Q1. A U.S. company uses the LIFO method to value its inventory for their income tax return. For its financial statements prepared for

    shareholders, the company may:

A)   use any other inventory method under generally accepted accounting principles (GAAP).

B)   only use the LIFO method.

C)   use the FIFO method, but must disclose a LIFO reserve.

Q2. Which of the following statements regarding first in, first out (FIFO) is least accurate?

A)   Ending inventory consists of the cost of the most recent purchases.

B)   Items sold are a mix of the cost of the purchases.

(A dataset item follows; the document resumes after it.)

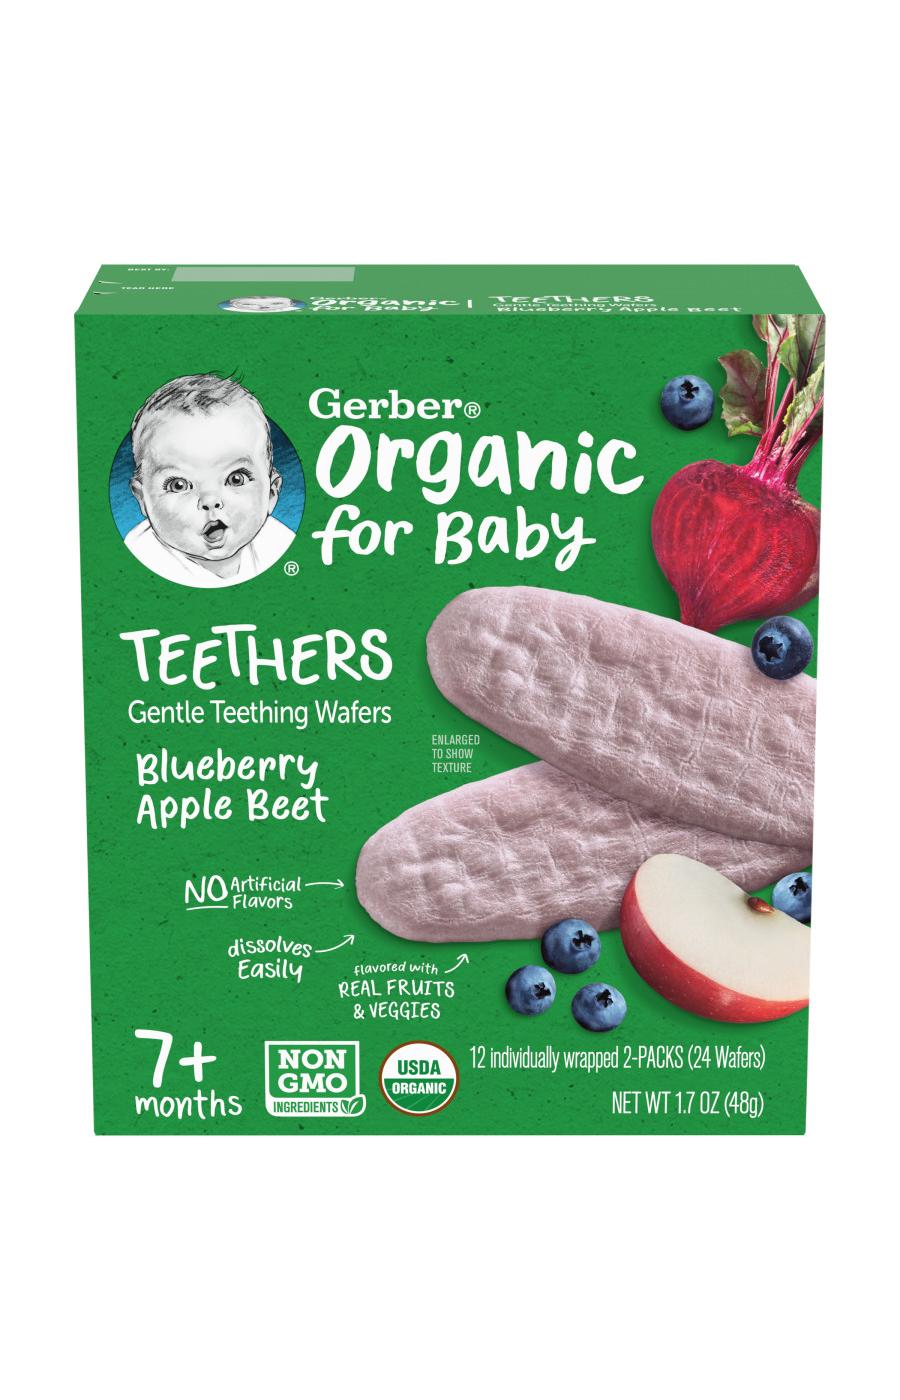 Gerber Organic for Baby Teethers - Blueberry Apple & Beet; image 1 of 5
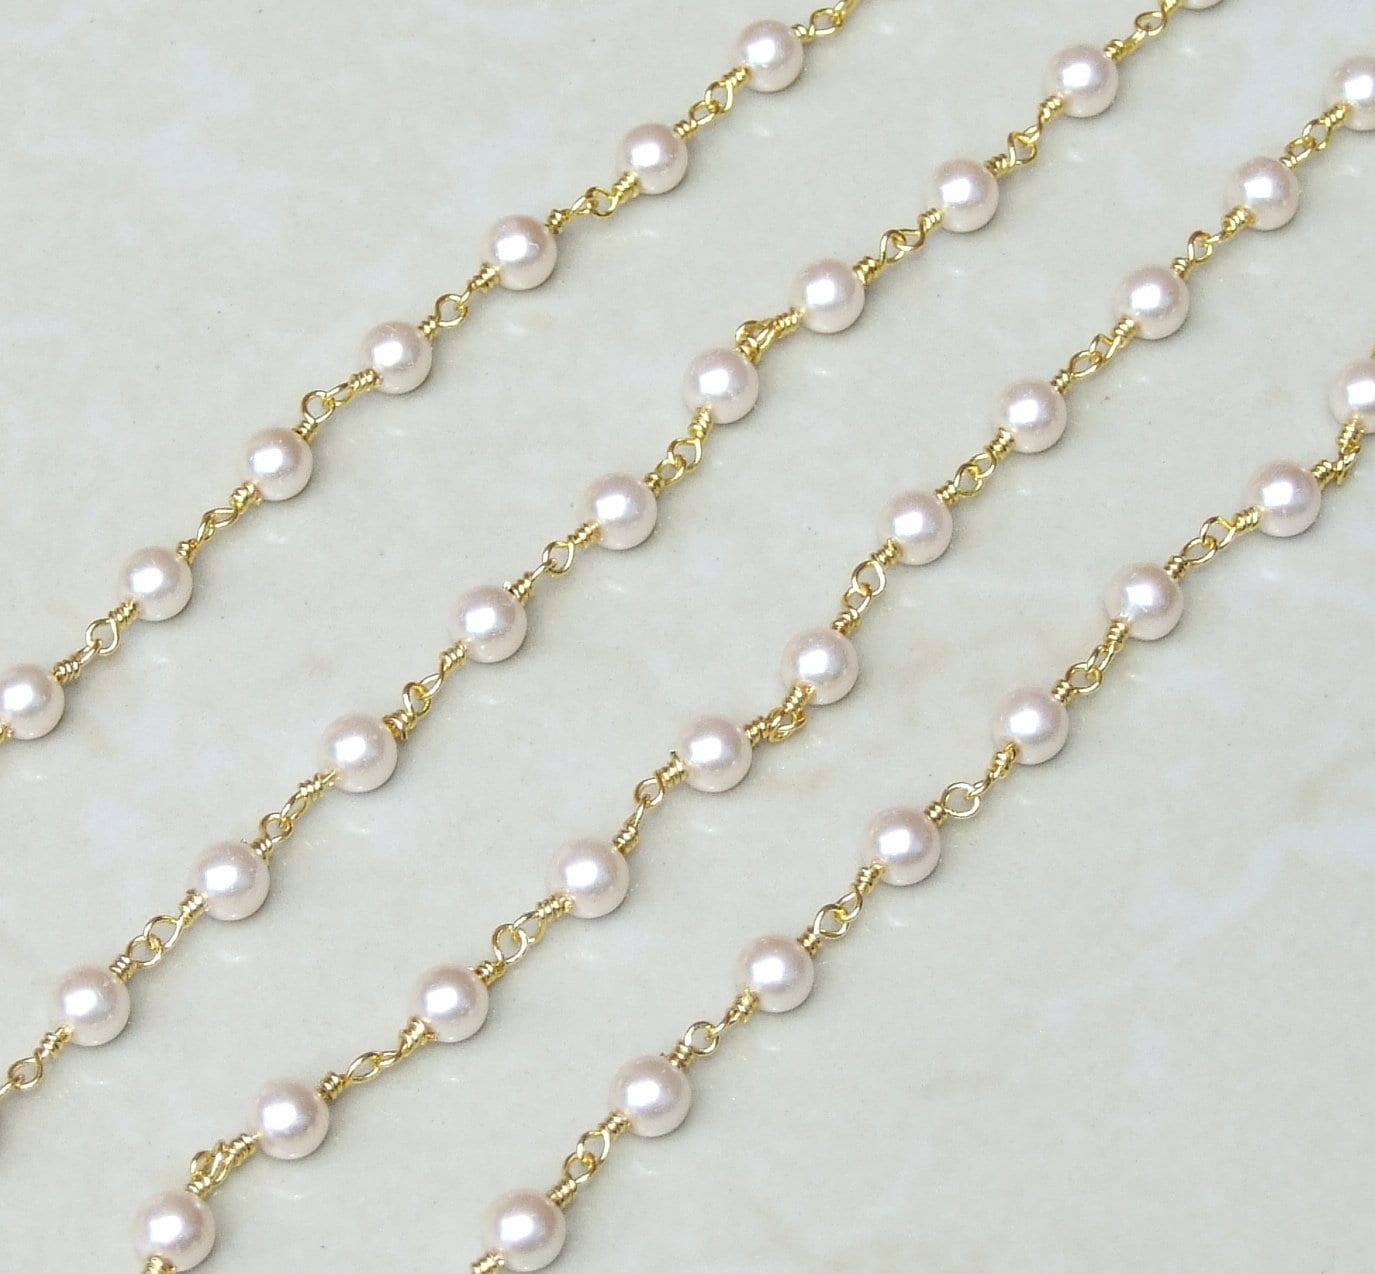 White Glass Pearl Rosary Chain, Bulk Chain, Rondelle Glass Beads, Beaded Chain, Body Chain Jewelry, Gold Chain, Necklace Chain, Belly Chain

C)   Cost of goods sold consists of the costs of the first purchases.

答案和详解如下:

Q1. A U.S. company uses the LIFO method to value its inventory for their income tax return. For its financial statements prepared for

    shareholders, the company may:

A)   use any other inventory method under generally accepted accounting principles (GAAP).

B)   only use the LIFO method.

C)   use the FIFO method, but must disclose a LIFO reserve.

Correct answer is B)         

The LIFO conformity rule in the U.S. requires firms to use LIFO for their financial statements if they use LIFO for income tax purposes.

Q2. Which of the following statements regarding first in, first out (FIFO) is least accurate?

A)   Ending inventory consists of the cost of the most recent purchases.

B)   Items sold are a mix of the cost of the purchases.

C)   Cost of goods sold consists of the costs of the first purchases.

Correct answer is B)         

With FIFO the cost of the items sold are the first purchased, with LIFO the cost of the items last purchased represent the first to be sold, and with the weighted average cost method the cost of the items sold are a mix of purchases.